Responding to the figures in the OBR report, a Treasury spokesperson admitted the Government is working on the assumption that coronavirus will have a "very significant hit" on the economy.

Chancellor Rishi Sunak said: "Firstly, it's clear this will have a very significant impact on our economy - as it will for economies around the world. It's important that we're honest about that.

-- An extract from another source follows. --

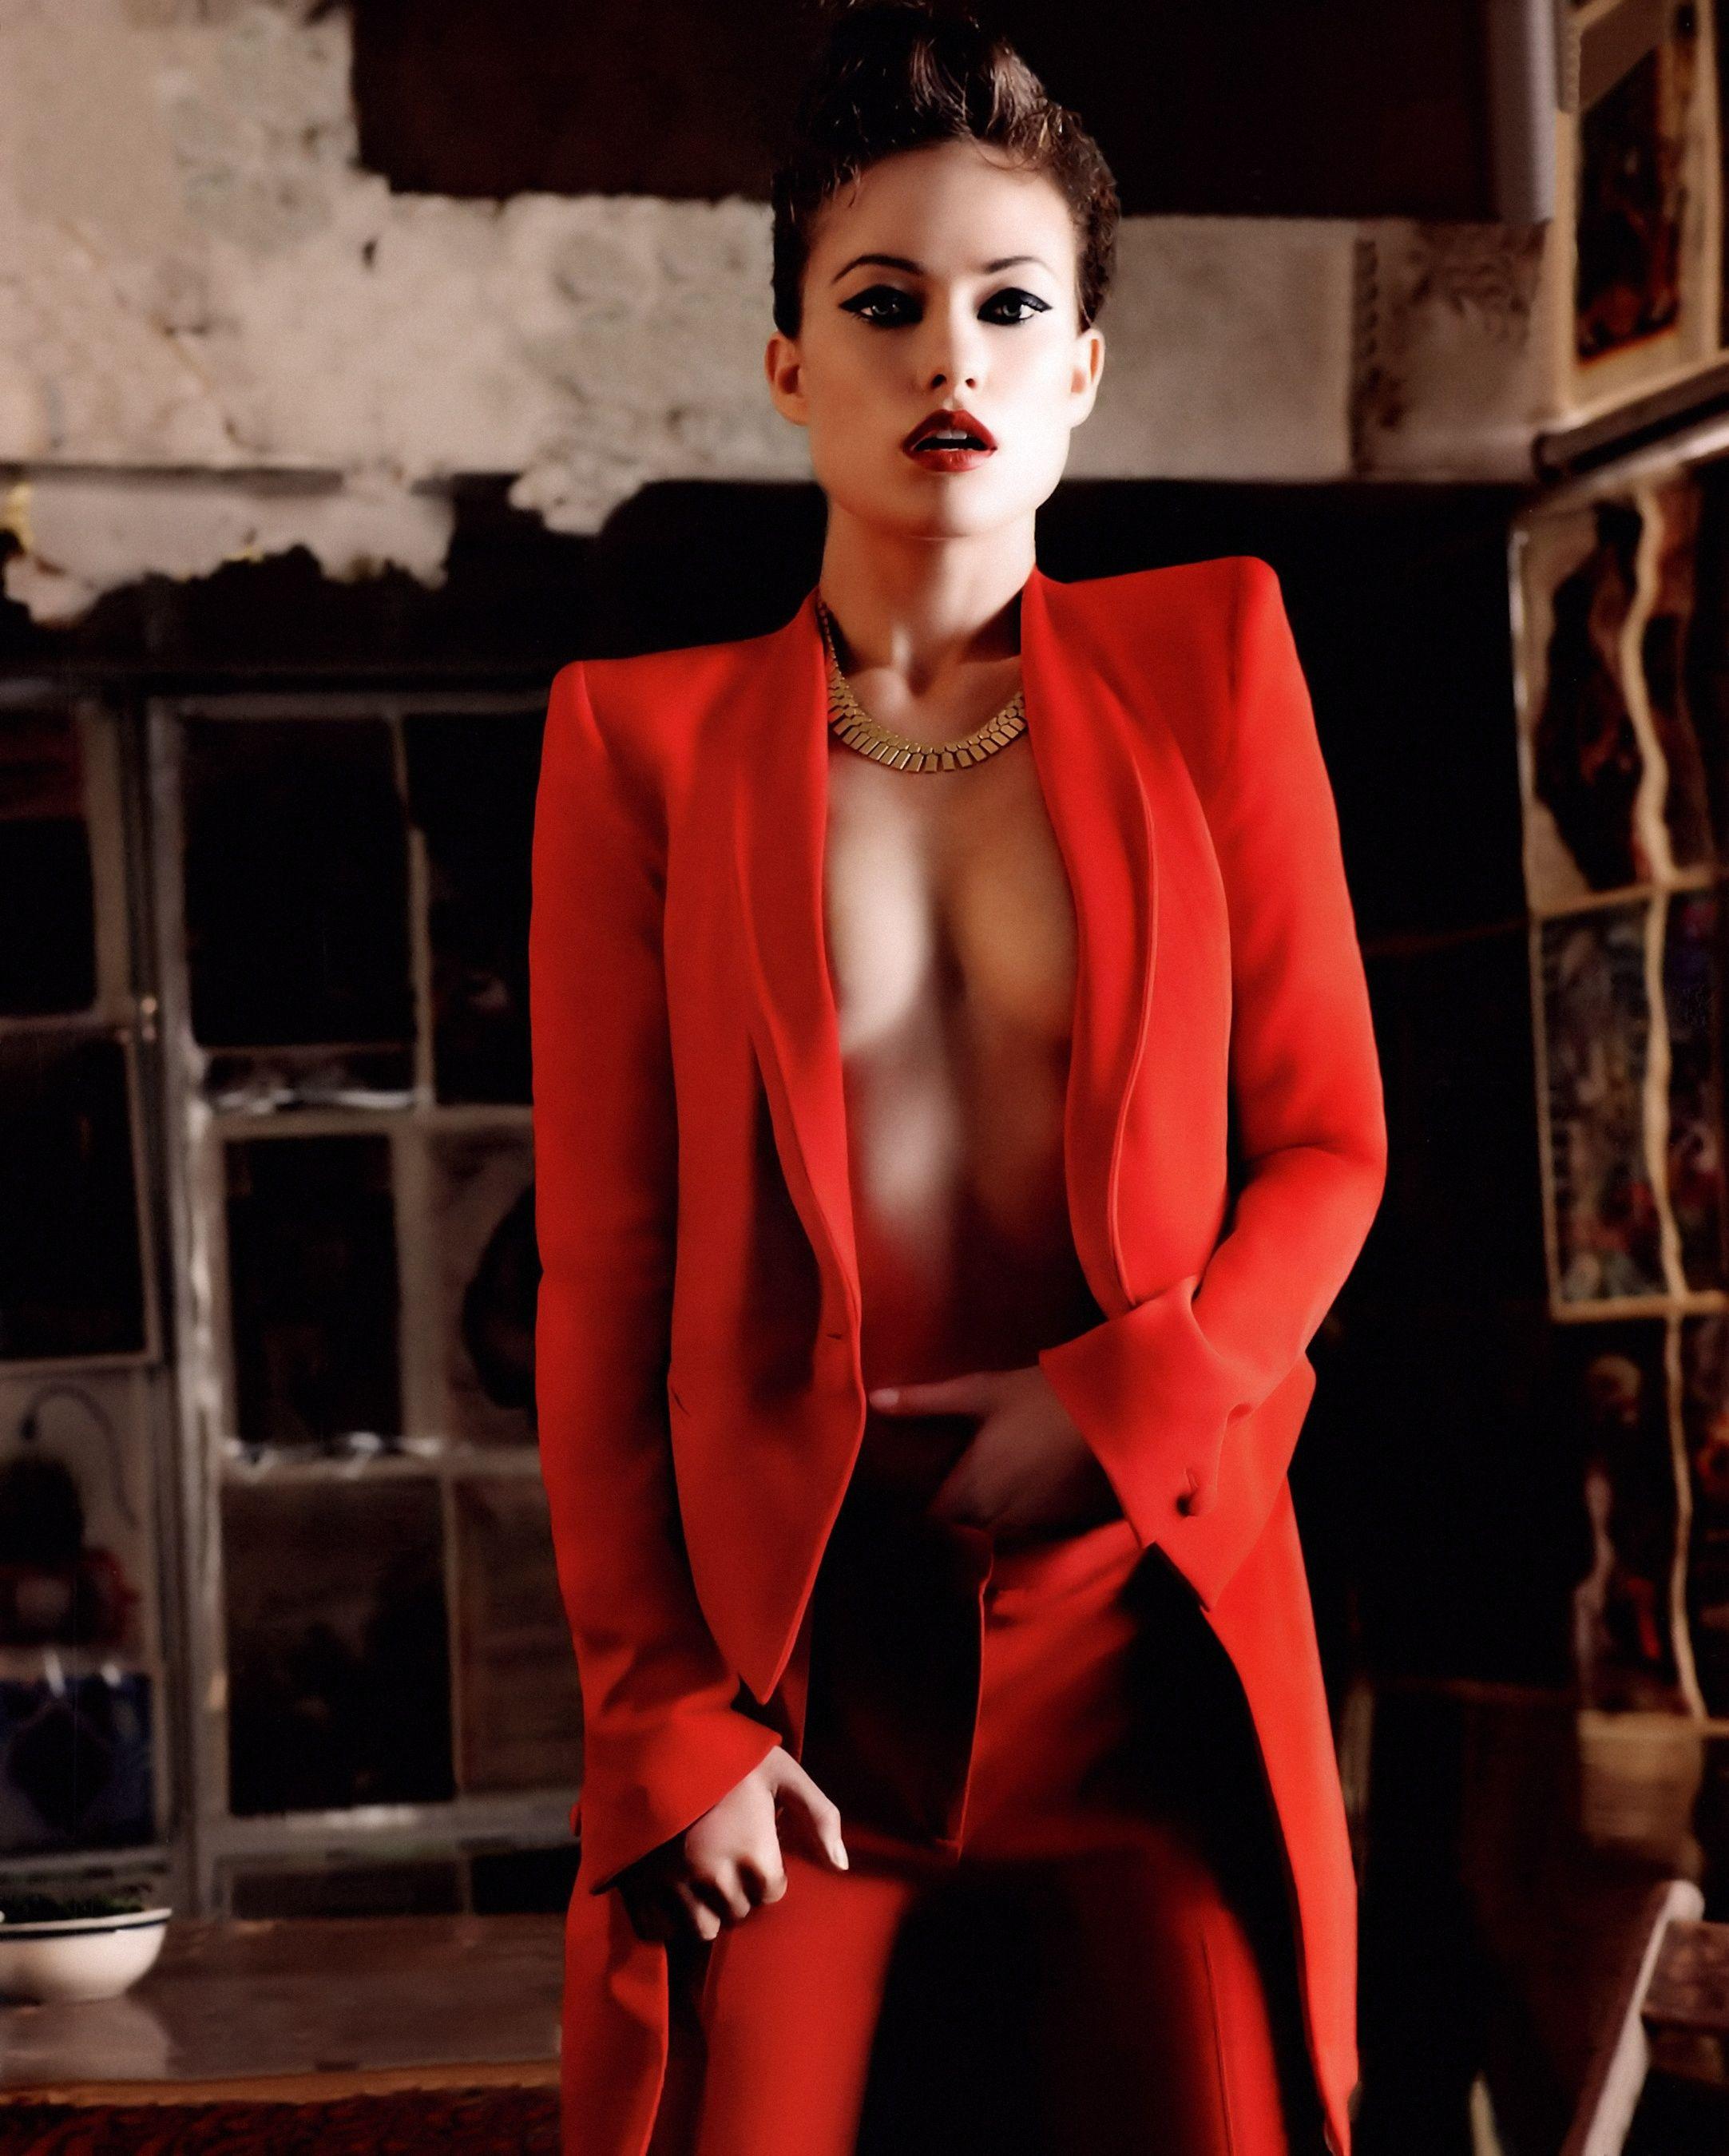 Olivia Wilde – Wild Photoshoot :)

"People should know that there is hardship ahead and we won't be able to protect every job or every business, as I've said.

"Second, the report makes clear that the unprecedented actions we've taken will help to mitigate the impact of the virus on our economy and that if we hadn't done these thing it would mean that things were a lot worse, for example the impact on unemployment."

Anneliese Dodds MP, Labour’s Shadow Chancellor, responding to OBR figures, said: “Behind these very concerning figures lie many businesses which have gone bust and many people who have lost their jobs.

“Labour has been working constructively with Government on its economic support package. It is clear that additional action needs to be taken to increase the take-up of the different measures. We have called for urgent action in relation to the loans scheme in particular, as take-up is worryingly low.

“It is absolutely critical that government now does all it can to minimise the depth and length of the economic impact from necessary anti-Coronavirus measures.”